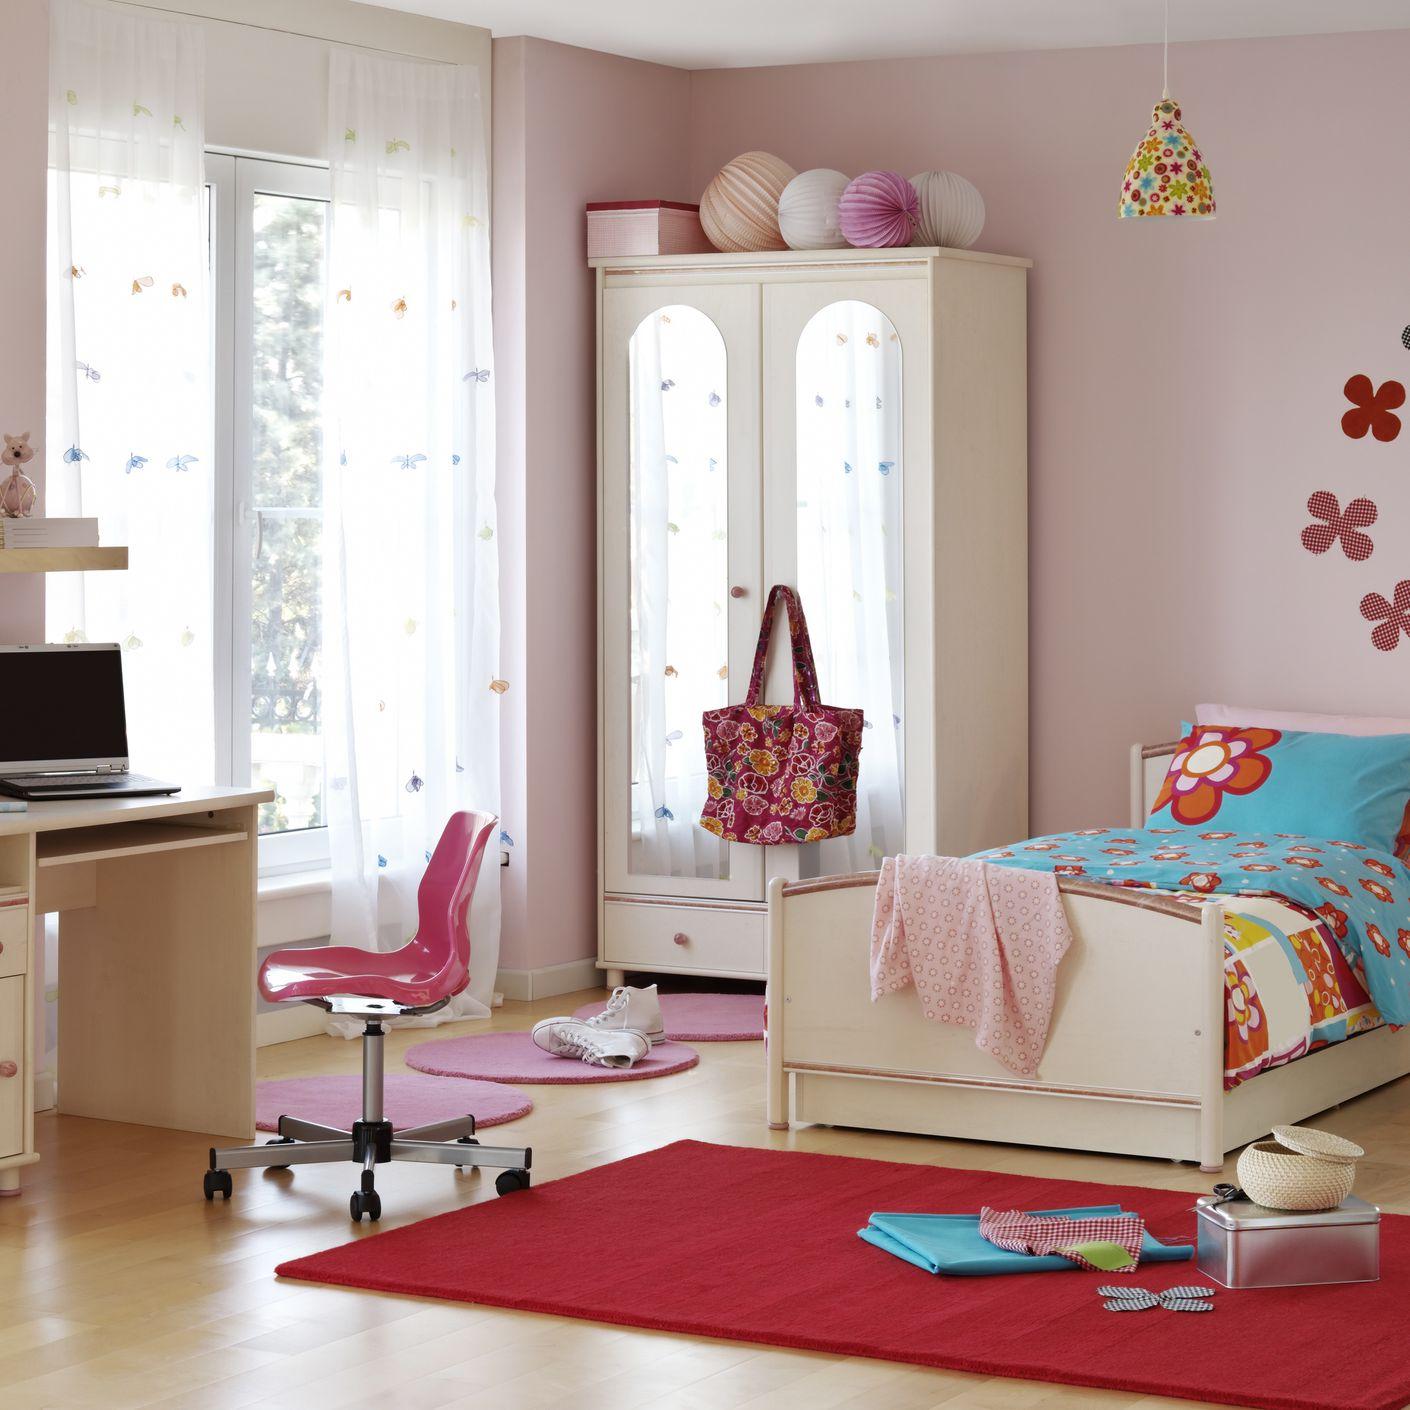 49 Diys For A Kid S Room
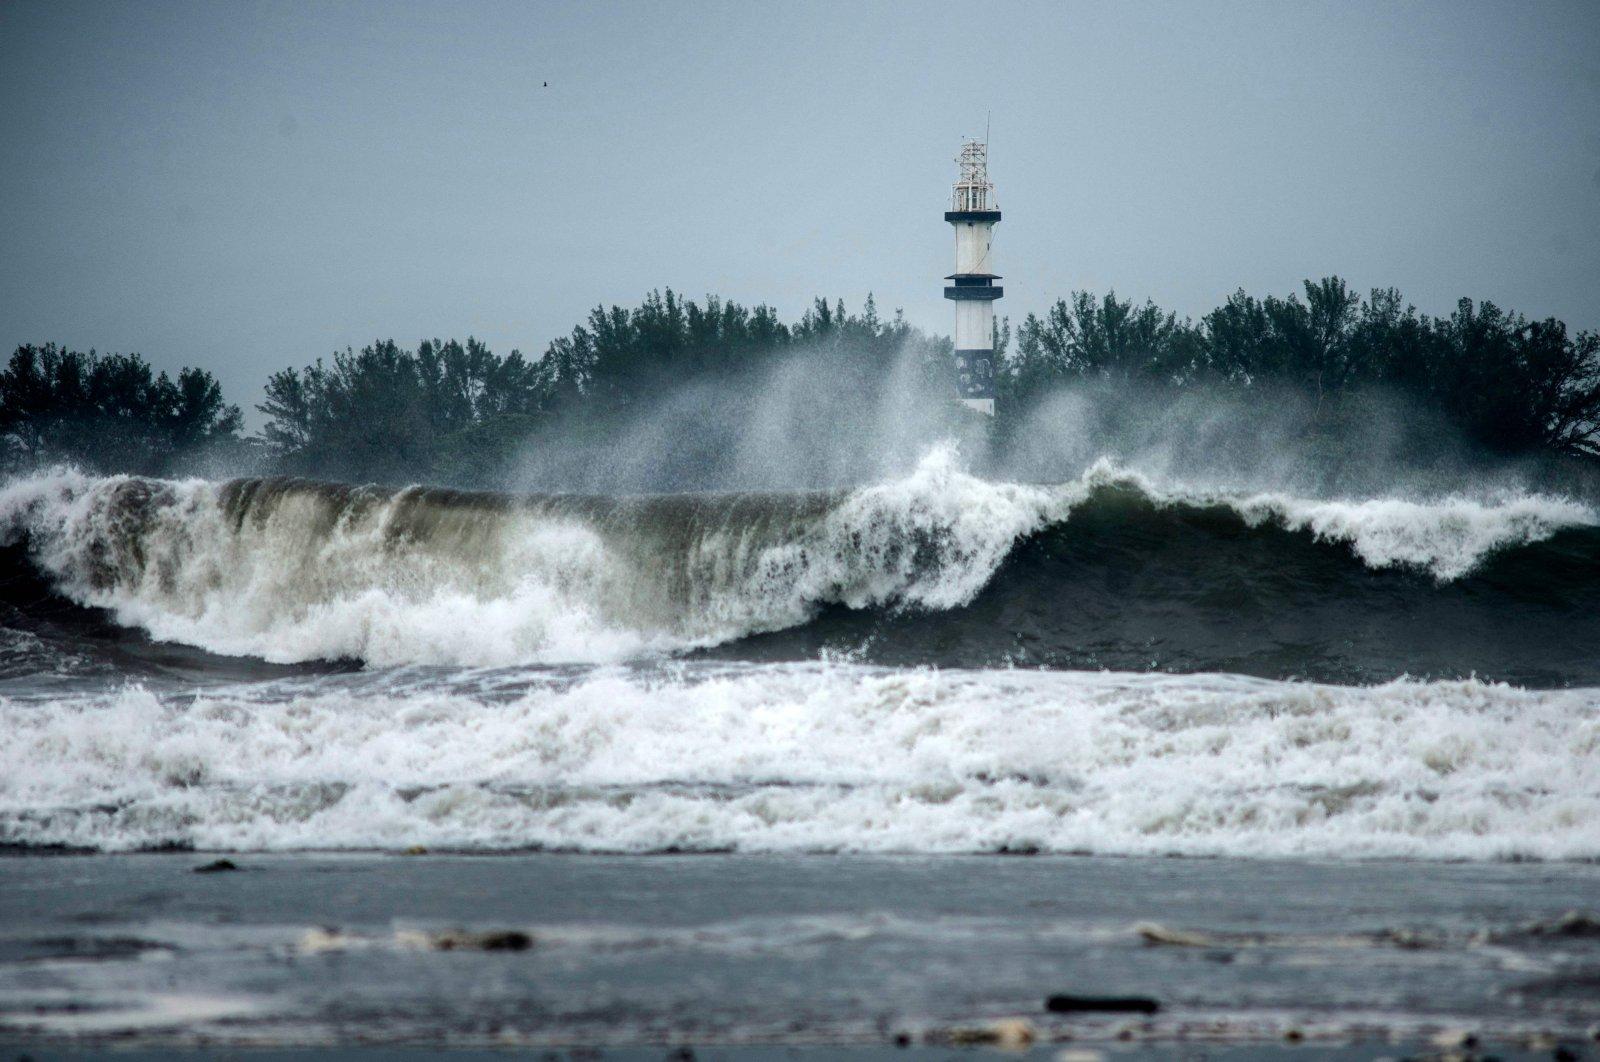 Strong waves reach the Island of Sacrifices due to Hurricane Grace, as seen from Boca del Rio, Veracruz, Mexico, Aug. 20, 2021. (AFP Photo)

--

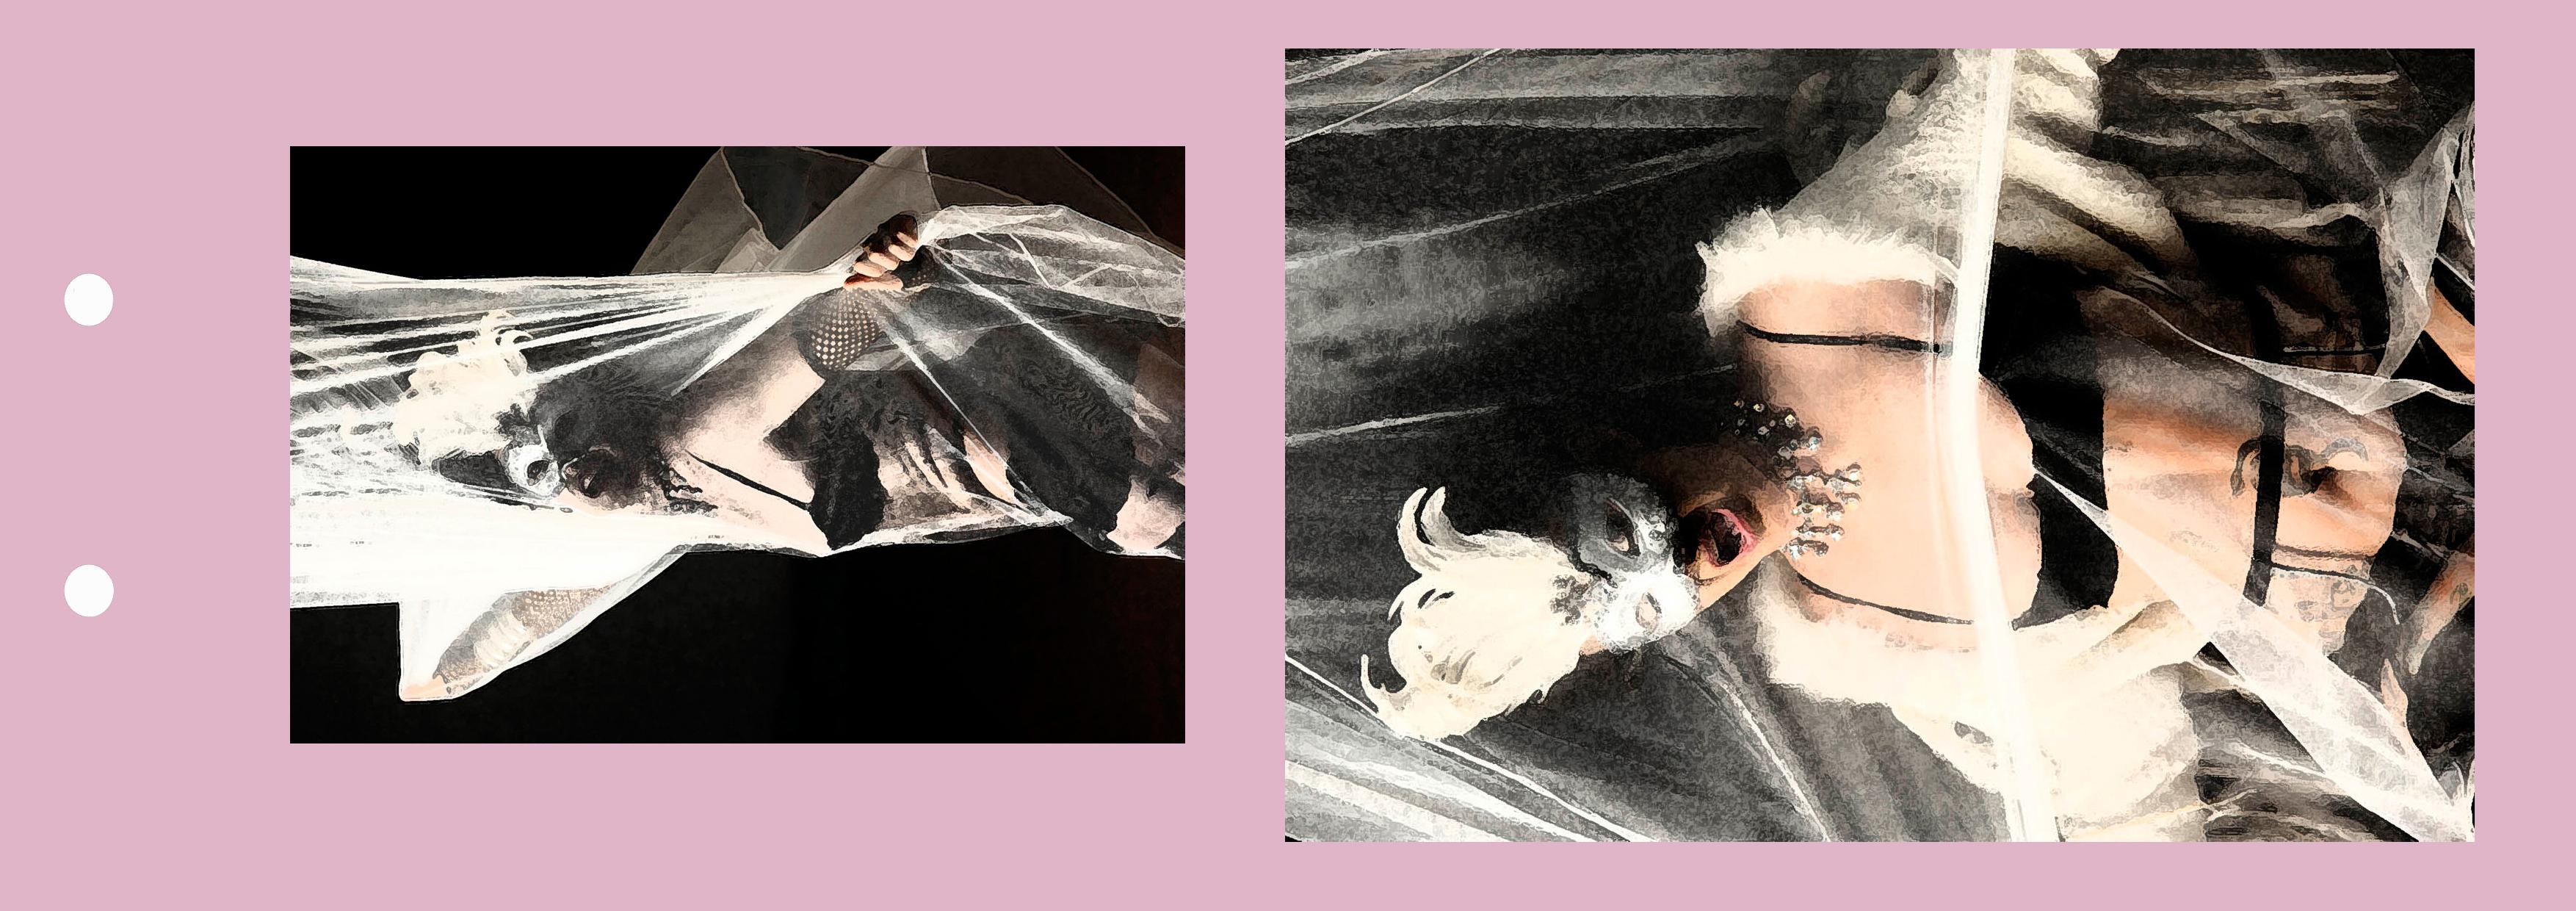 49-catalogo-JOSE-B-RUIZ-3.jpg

» WORK REQUIRED:
Word for word, write out the lines above running from the one with "49 Diys For A Kid S Room" up to and including the one with "Strong waves reach". Drop any picture.

» YOUR RESPONSE:
 49 Diys For A Kid S Room
 Strong waves reach the Island of Sacrifices due to Hurricane Grace, as seen from Boca del Rio, Veracruz, Mexico, Aug. 20, 2021. (AFP Photo)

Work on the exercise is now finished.